Playing the guitar can be fun, but one question lingers on if you are yet to master this art. Where should you start if you have an interest in playing the guitar? Music experts will tell you that learning guitar chords as you strum songs is the initial phase to successful guitar playing. Probably, you are not alone in the quest to learn how to play the guitar. Thousands, if not millions of enthusiasts around the world have a myriad of reasons as to why they wish to learn to play the guitar.
Don’t we all wish to play catchy music, especially with the accompaniment of the guitar? If you have all along wanted to play the guitar, then you will find this guide invaluable. We will take you through the most important beginner guitar chords you need to practice.
E minor (Em) Chord
This chord should be the first to learn, and it is known for its ultimate simplicity – you only need two fingers to play it. As a basic chord, E major is used almost in every song, all the time. Extra keenness is needed so that either of your fingers does not touch any open string so that the chord rings as desired. Then, you need to strum all the six strings.
Note that in particular situations, reversing the position of your finger makes sense as your second and third fingers rest on the fifth and fourth strings respectively.
C should be your second chord to learn. Here, the emphasis is placed on strumming the top five strings. As a reminder, go for the top five strings with the highest sound, not those farthest from the floor. If you use charts as guidance, the X on any chord implies you need to mute it. This chord has considerably straightforward fingering although you must pay attention to curling the first finger for the proper open ringing of the first string.
This chord is achievable through two different fingerings. However, both are important in various contexts. You will use three fingers all on the second fret to achieve the initial basic A guitar chord. However, if your hands are large, this might be troublesome. You may then settle for the variant A major chord by barring across the fourth, third, and second strings with your first finger. To mute the first string, you will need to have your finger slightly bent back on its first joint.
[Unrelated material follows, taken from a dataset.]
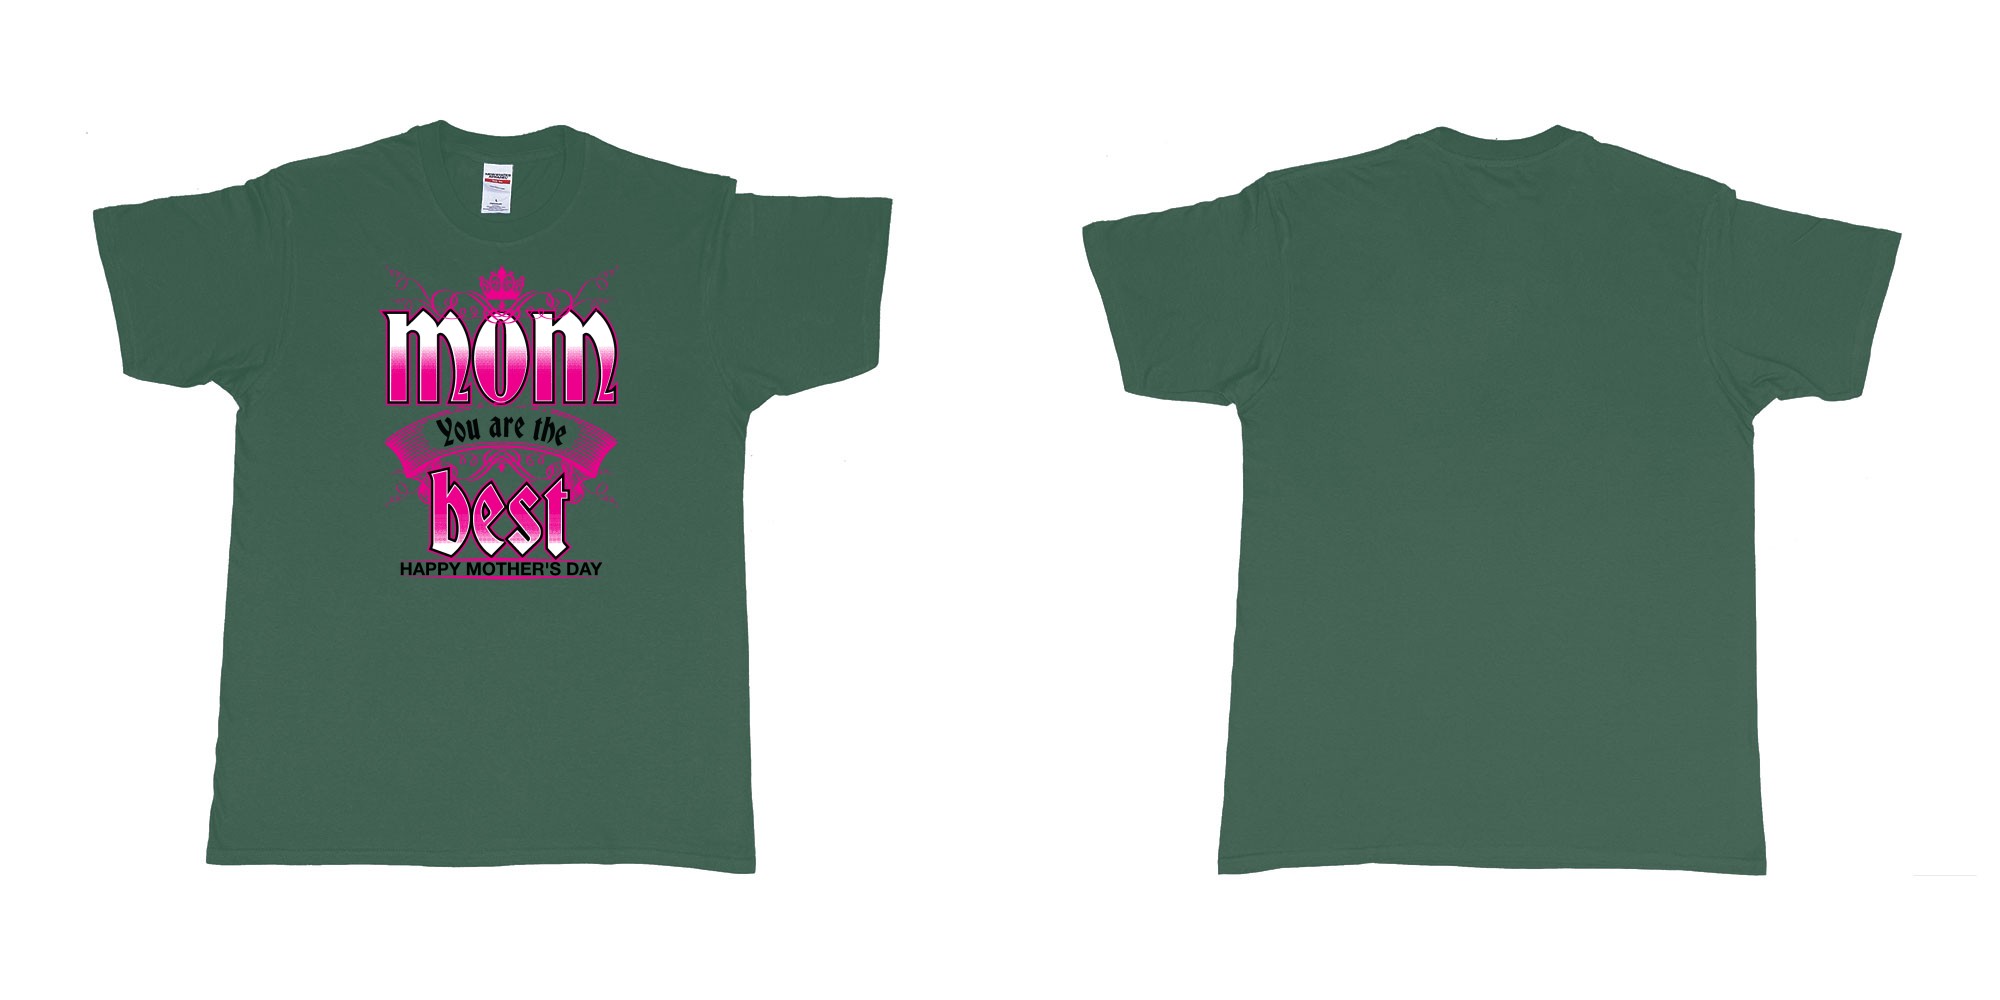 Custom tshirt design crown mom you are the best happy morthers day in fabric color forest-green choice your own text made in Bali by The Pirate Way
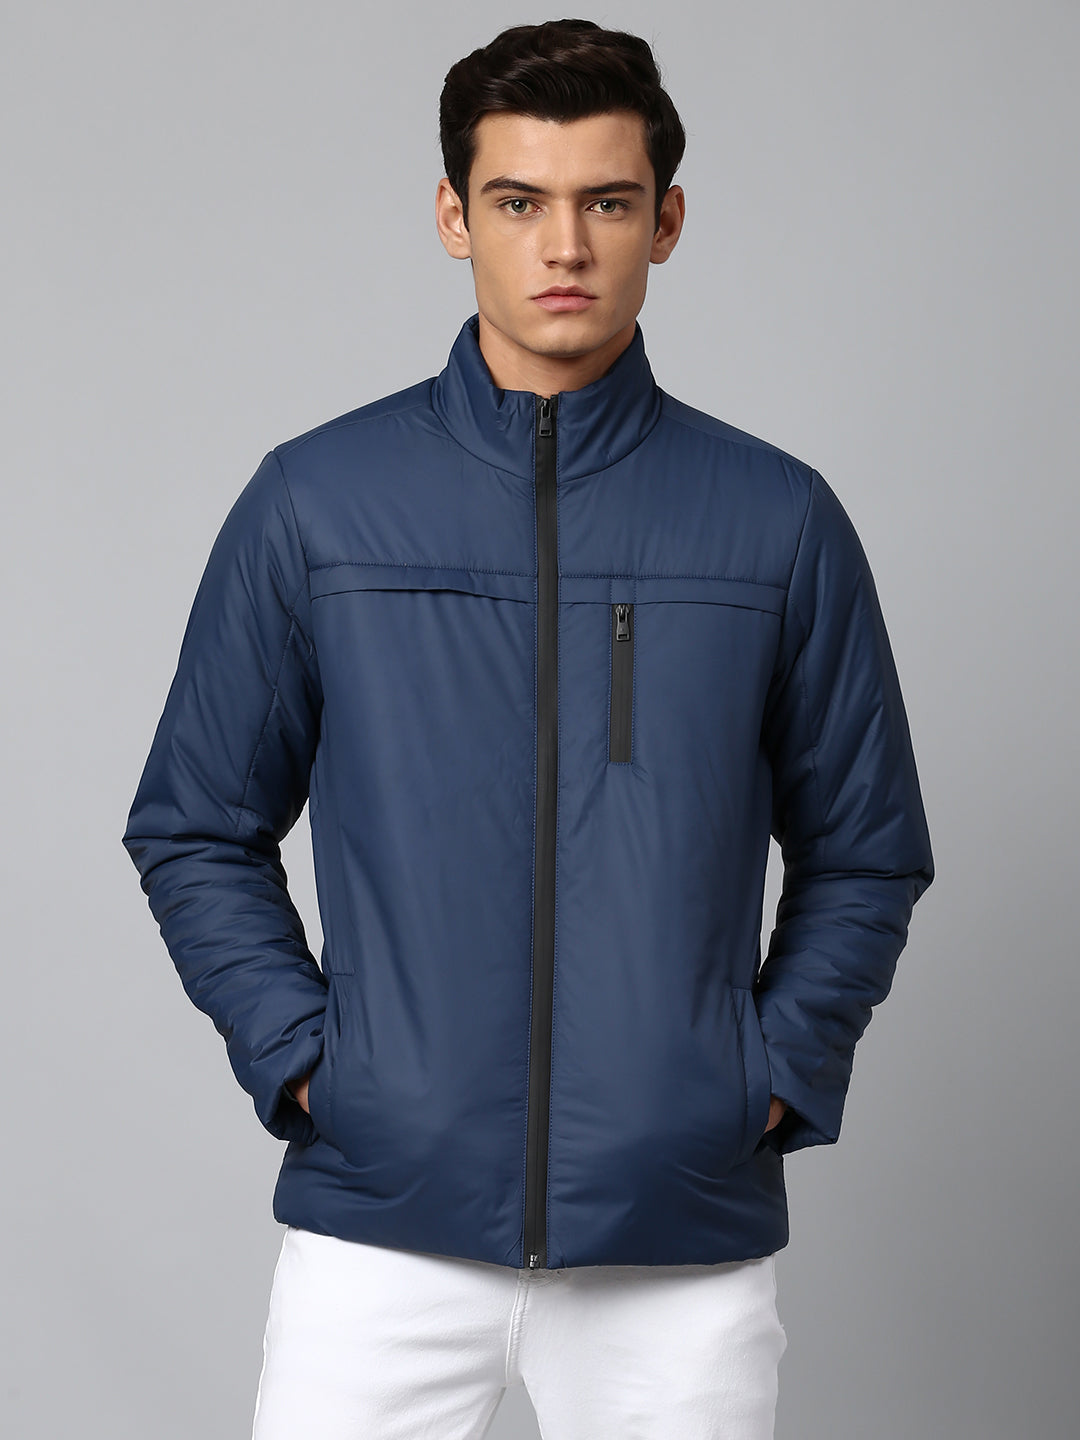 Top 5 Best Jackets For Men – Reason Clothing

The D major is another troublesome chord for beginners. The good news is that you will find it manageable when you memorize this guide. Failure to curl your third finger properly as you strum the second string is a common mistake in playing this chord. This failure results in an improper ringing of the first string. Remember to avoid the fifth and sixth strings as you play the top four for a D major. If you do this, then you are on your way to writing catchy lyrics and playing the chords to the desired flavor.
Move the A minor chord to the fifth, fourth, and third strings. What do you have? The E major chord. Alternatively, you can achieve this chord by introducing the first finger to the third string’s first fret.
For proper second string ringing, ensure that you properly curl your first finger by holding down the third string’s first fret. You might find it necessary to reverse your third and second fingers as you try playing this chord. Find your easiest alternative, and enjoy playing the guitar.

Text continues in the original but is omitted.